La page de wikipedia consacrée à l’assassinat de Jules résumant de manière très claire les causes supposées qui mènent à la mort du grand Jules, nous nous en inspirerons fortement :
Le premier complot sérieux a lieu à Narbonne à la fin de 45 av. J.-C. où César séjourne après avoir vaincu les derniers Pompéiens en Espagne. Caius Trebonius, un ami de César qui avait été son légat pendant la guerre des Gaules mais qui était en semi-disgrâce parce qu’il avait été vaincu par les Pompéiens en Hispanie ultérieure, projette alors de le tuer et en parle avec Marc Antoine. Celui-ci refuse de participer au projet mais, chose surprenante, n’en avertit pas César.

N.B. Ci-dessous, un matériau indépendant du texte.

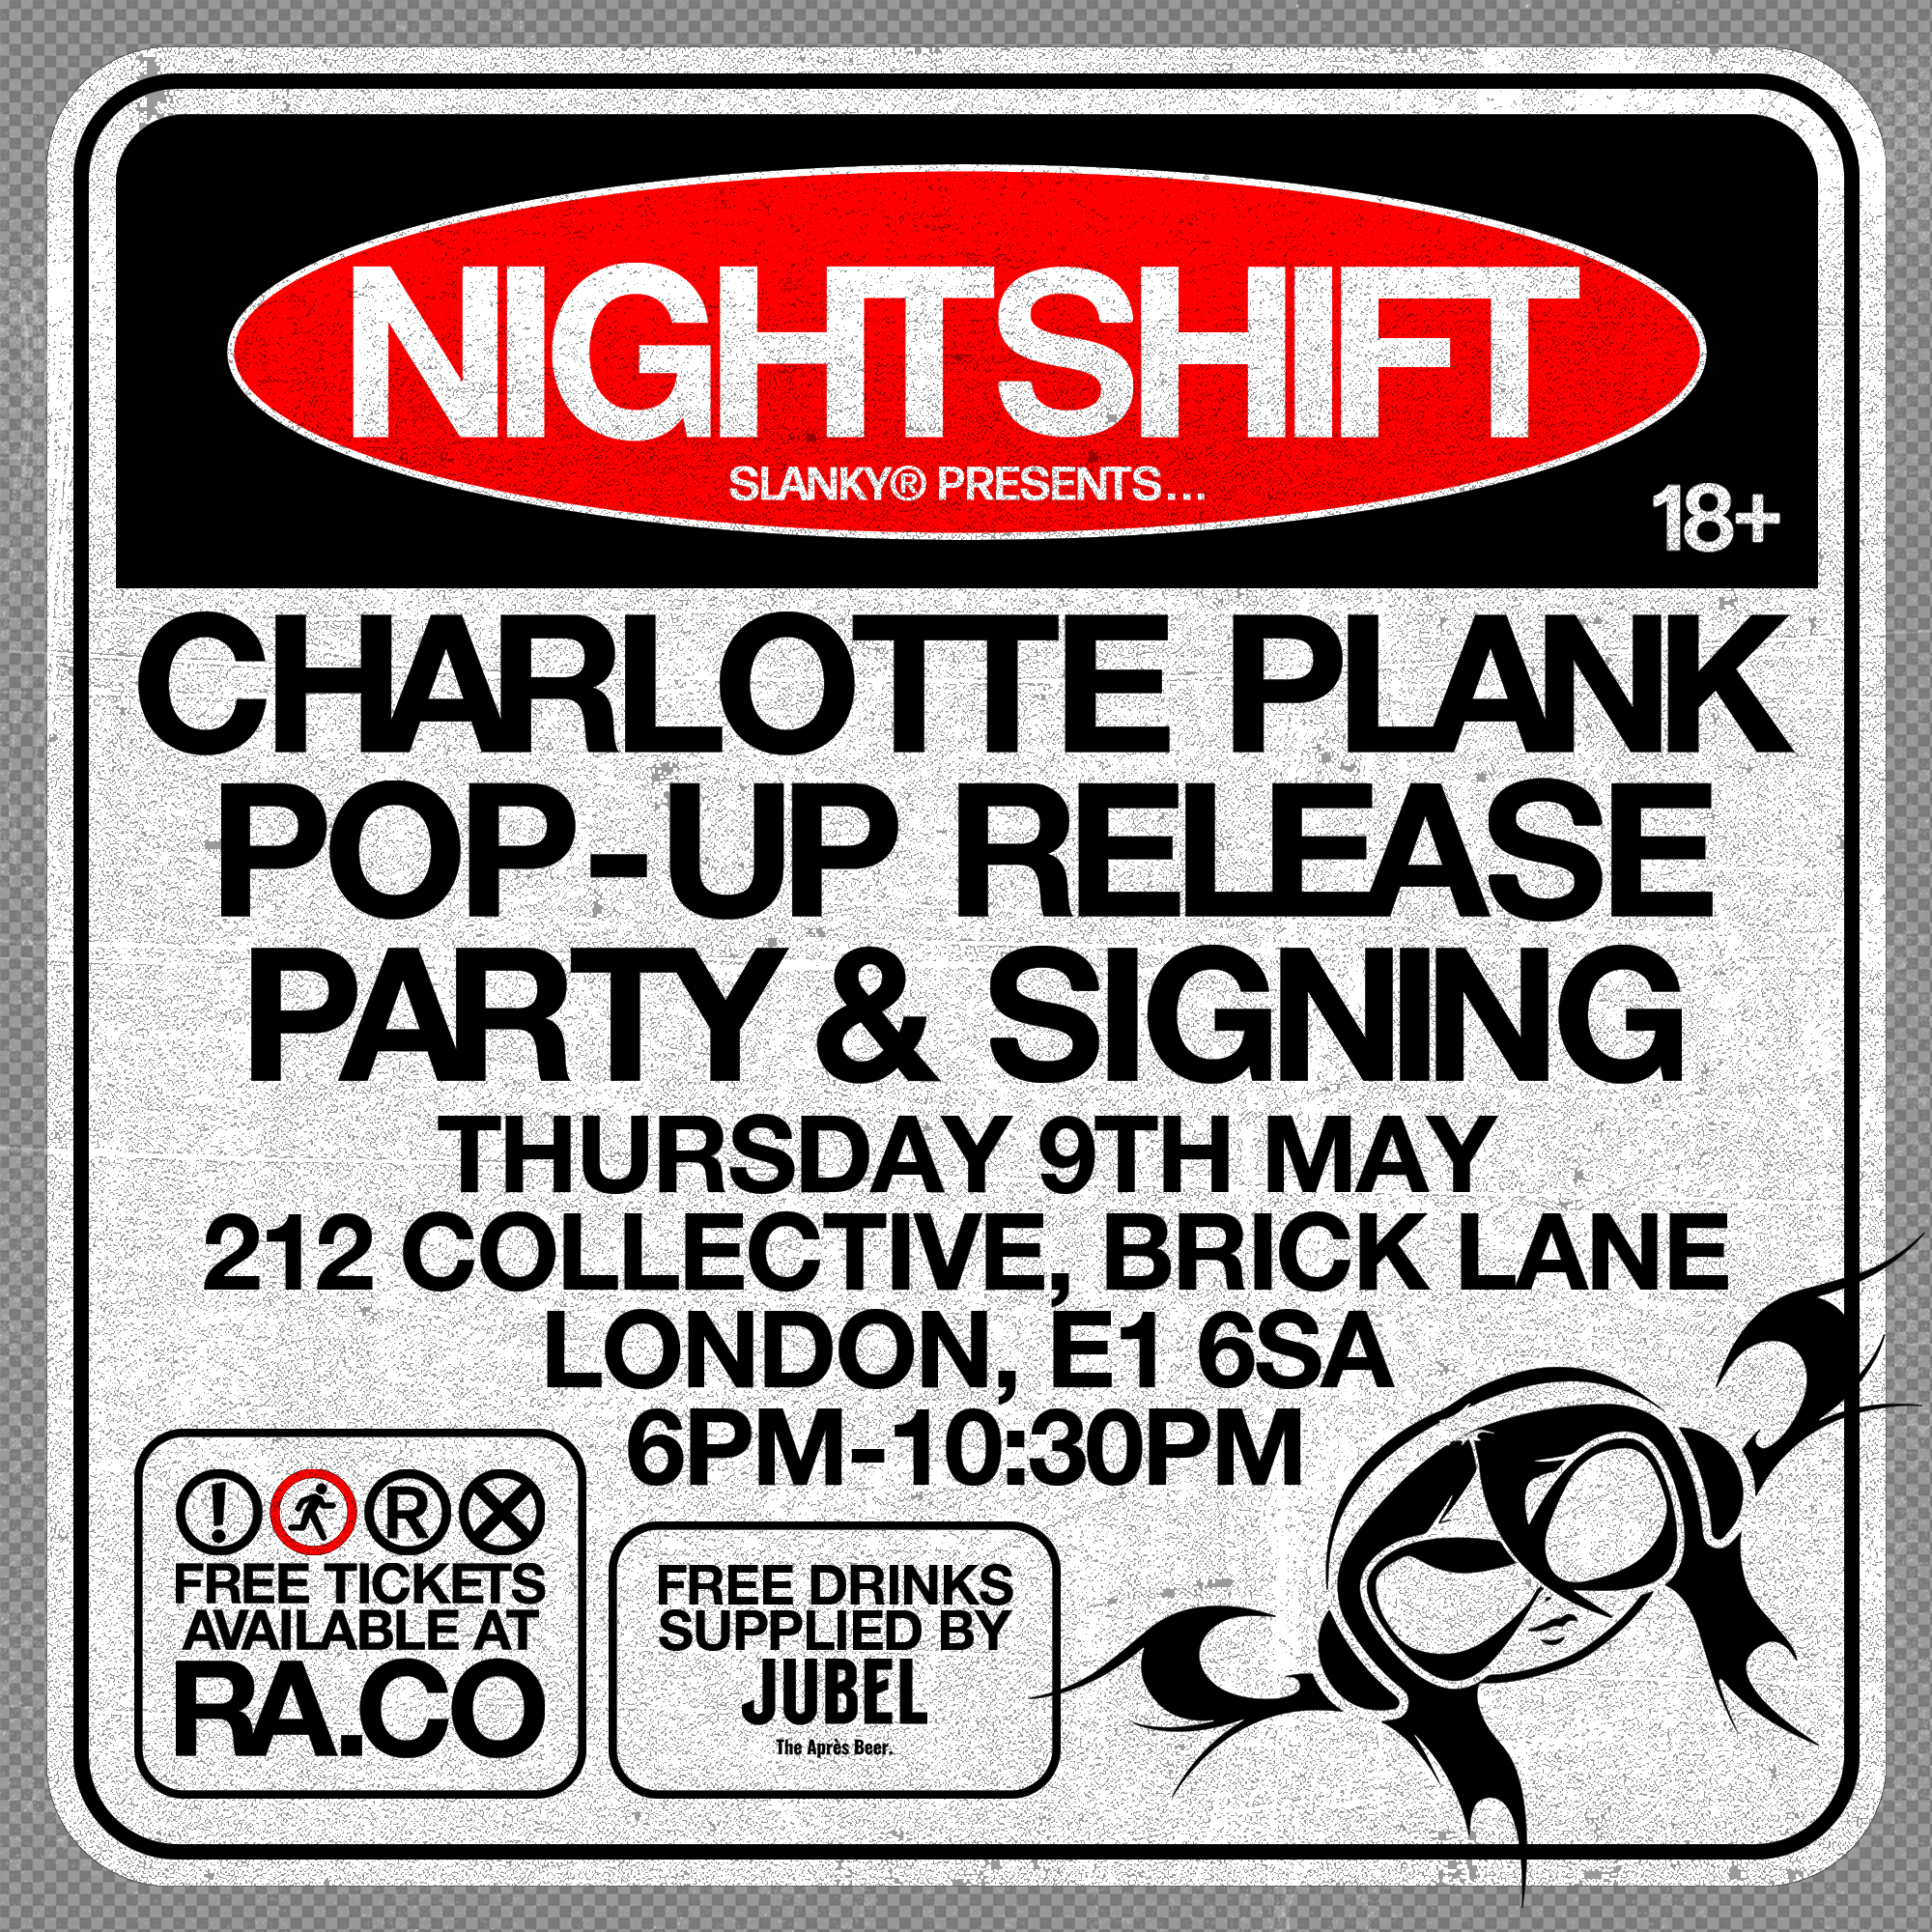 Charlotte Plank Pop-Up Release Party & Signing - フライヤー表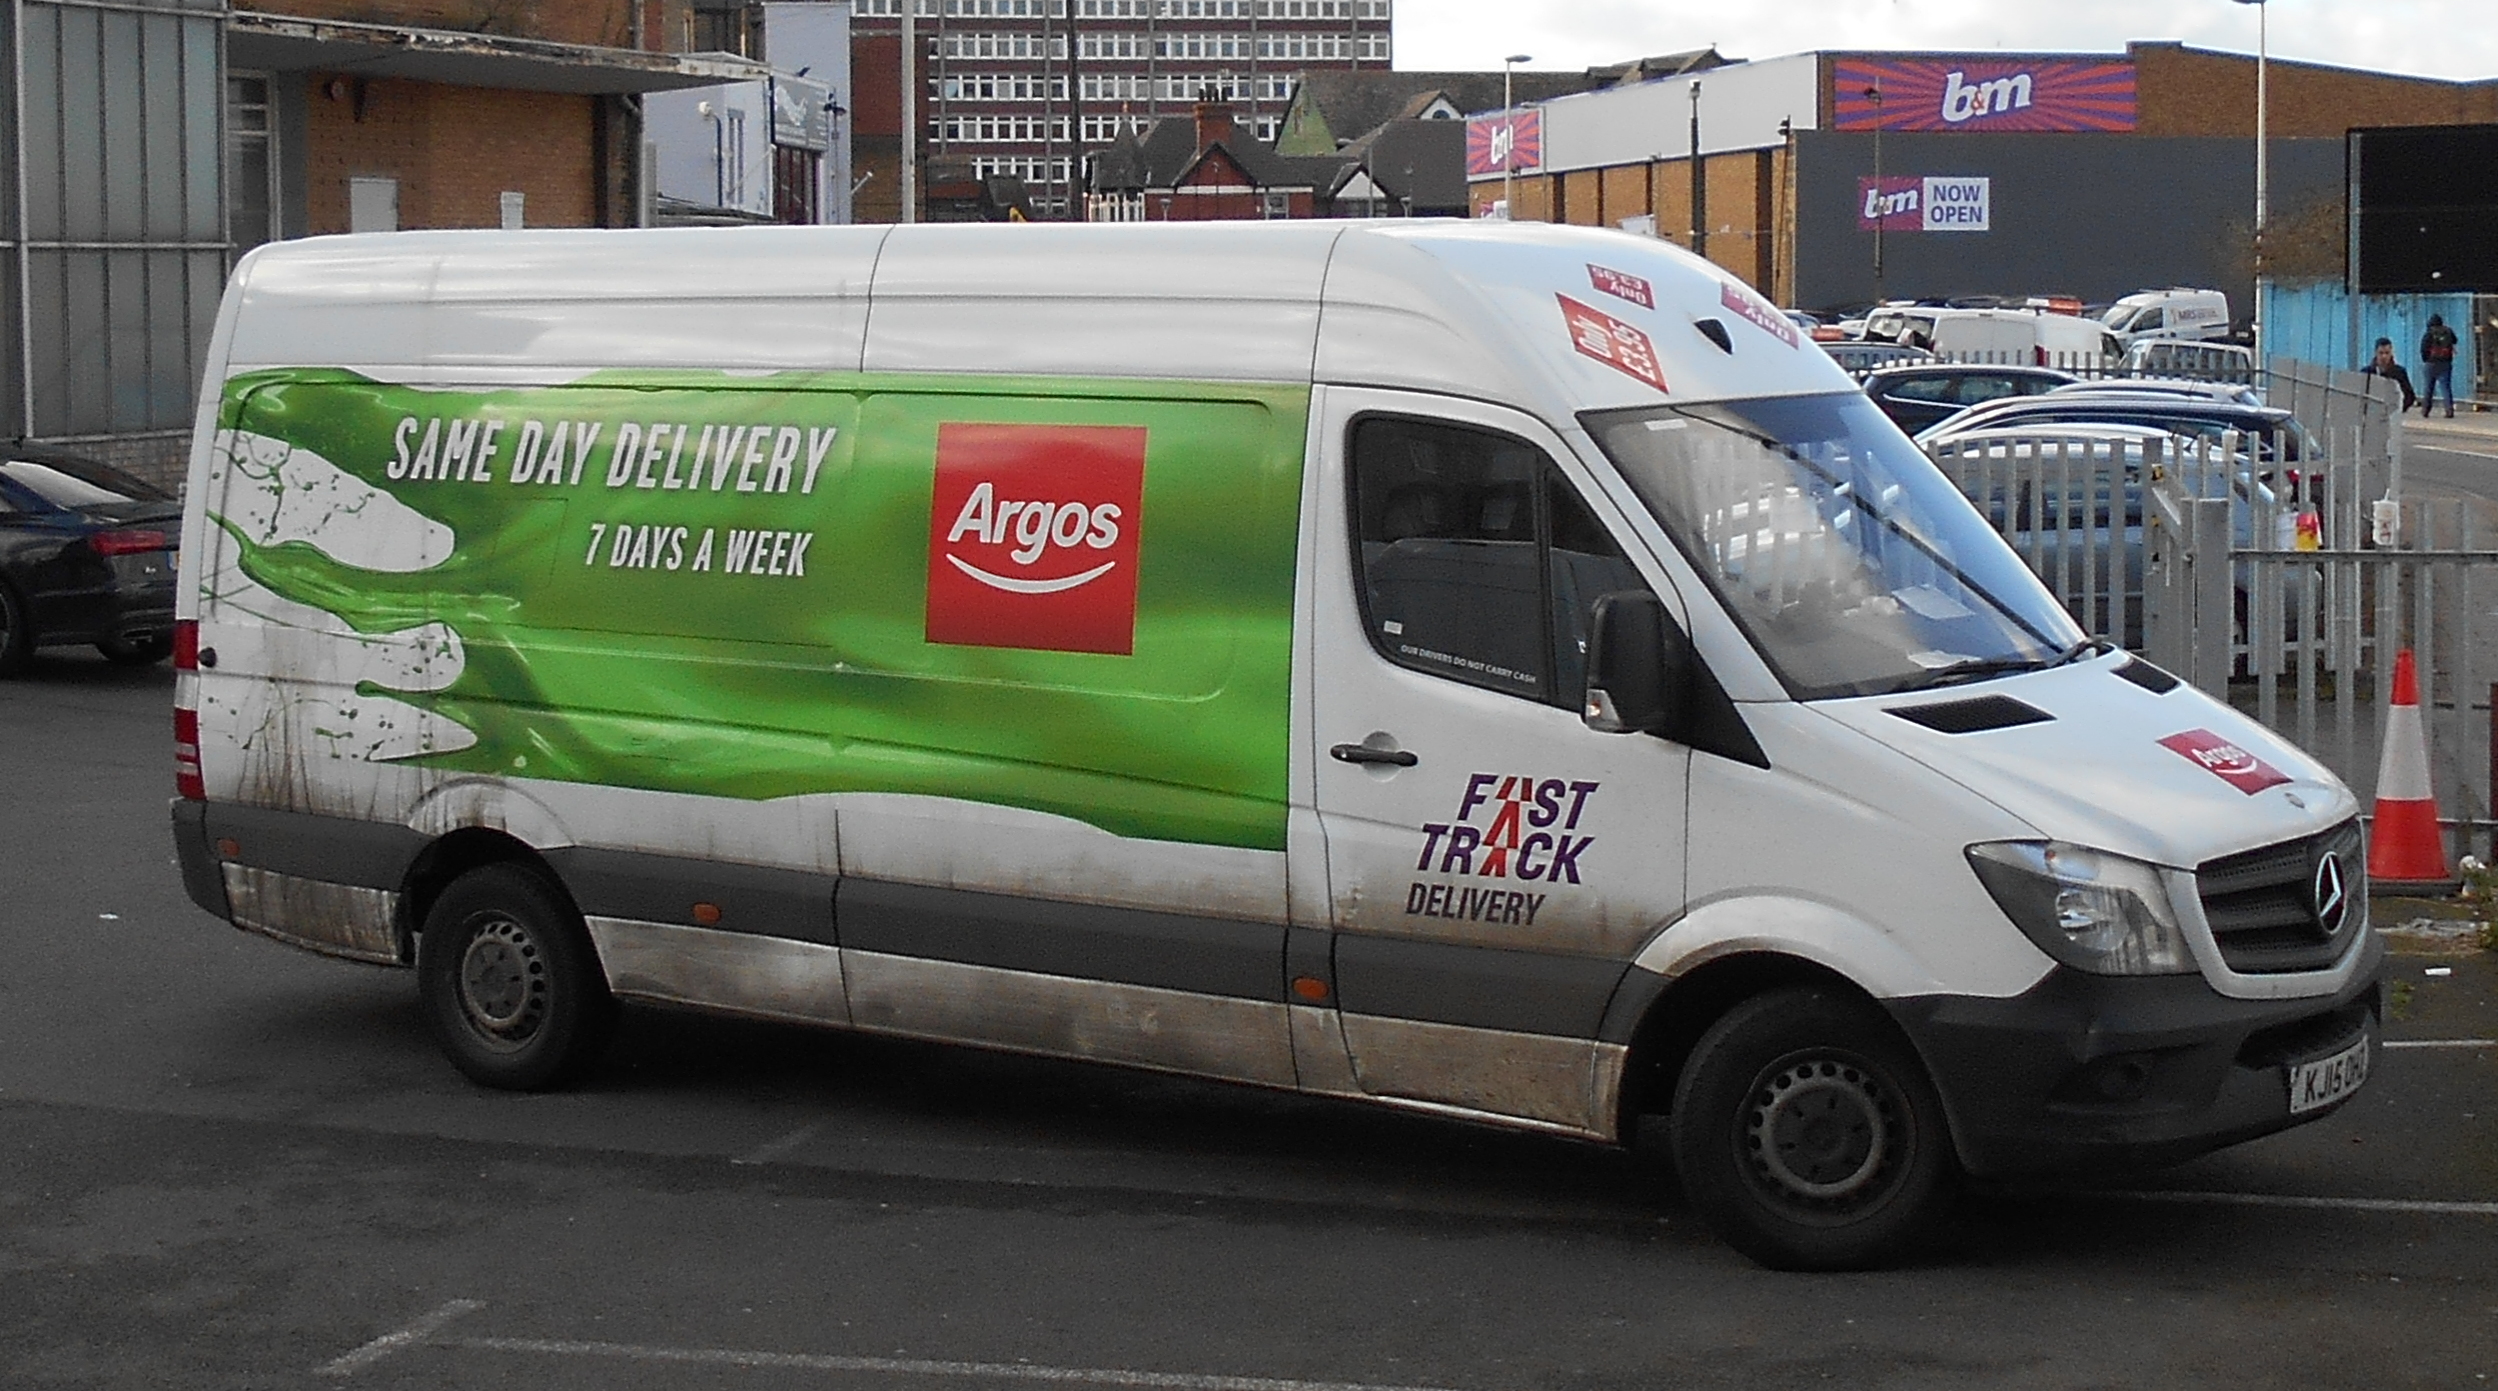 File:Argos delivery van, Chatham, Kent, 16 January 2018 (cropped).jpg -  Wikimedia Commons

Quamquam, si interfici Caesarem uoluisse crimen est, uide, quaeso, Antoni, quid tibi futurum sit, quem et Narbone hoc consilium cum C. Trebonio cepisse notissimum est, et ob eius consili societatem, cum interficeretur Caesar, tum te a Trebonio uidimus seuocari. Ego autem (uide, quam tecum agam non inimice!), quod bene cogitasti aliquando, laudo, quod non indicasti, gratias ago, quod non fecisti, ignosco. Virum res illa quaerebat.
si c’est un crime d’avoir voulu que César fût tué, que doit-on penser de vous-même, Antoine? On sait que vous en aviez formé le projet, à Narbonne, avec Trébonius. On sait que c’est pour cette raison seule que nous avons vu Trébonius vous tirer à l’écart pendant que César recevait la mort. Voyez si je vous traite en ennemi : je vous loue pour avoir une fois en votre vie formé un bon dessein. Je vous rends grâces de ne l’avoir pas révélé, et je vous pardonne de ne l’avoir pas exécuté : l’exécution demandait un homme.
(source)
Cicéron, Deuxième Philippique, XIV
Au cours des mois suivants, plusieurs événements exaspèrent certains sénateurs. Selon Suétone, alors que César est revenu à Rome, un homme pose sur la tête d’une statue le représentant une couronne de lauriers nouée d’une bandelette blanche. Il s’agissait probablement de sonder les citoyens romains sur la possibilité de couronner César comme roi de Rome. Deux tribuns, Caius Epidius Marcellus et Lucius Caesatius Flavus, ordonnent aussitôt que le diadème soit enlevé de la statue. César laisse faire.
Adiecit ad tam insignem despecti senatus contumeliam multo arrogantius factum. Nam cum in sacrificio Latinarum reuertente eo inter inmodicas ac nouas populi acclamationes quidam e turba statuae eius coronam lauream candida fascia praeligata inposuisset et tribuni plebis Epidius Marullus Caesetiusque Flauus coronae fasciam detrahi hominemque duci in uincula iussissent, dolens seu parum prospere motam regni mentionem siue, ut ferebat, ereptam sibi gloriam recusandi, tribunos grauiter increpitos potestate priuauit.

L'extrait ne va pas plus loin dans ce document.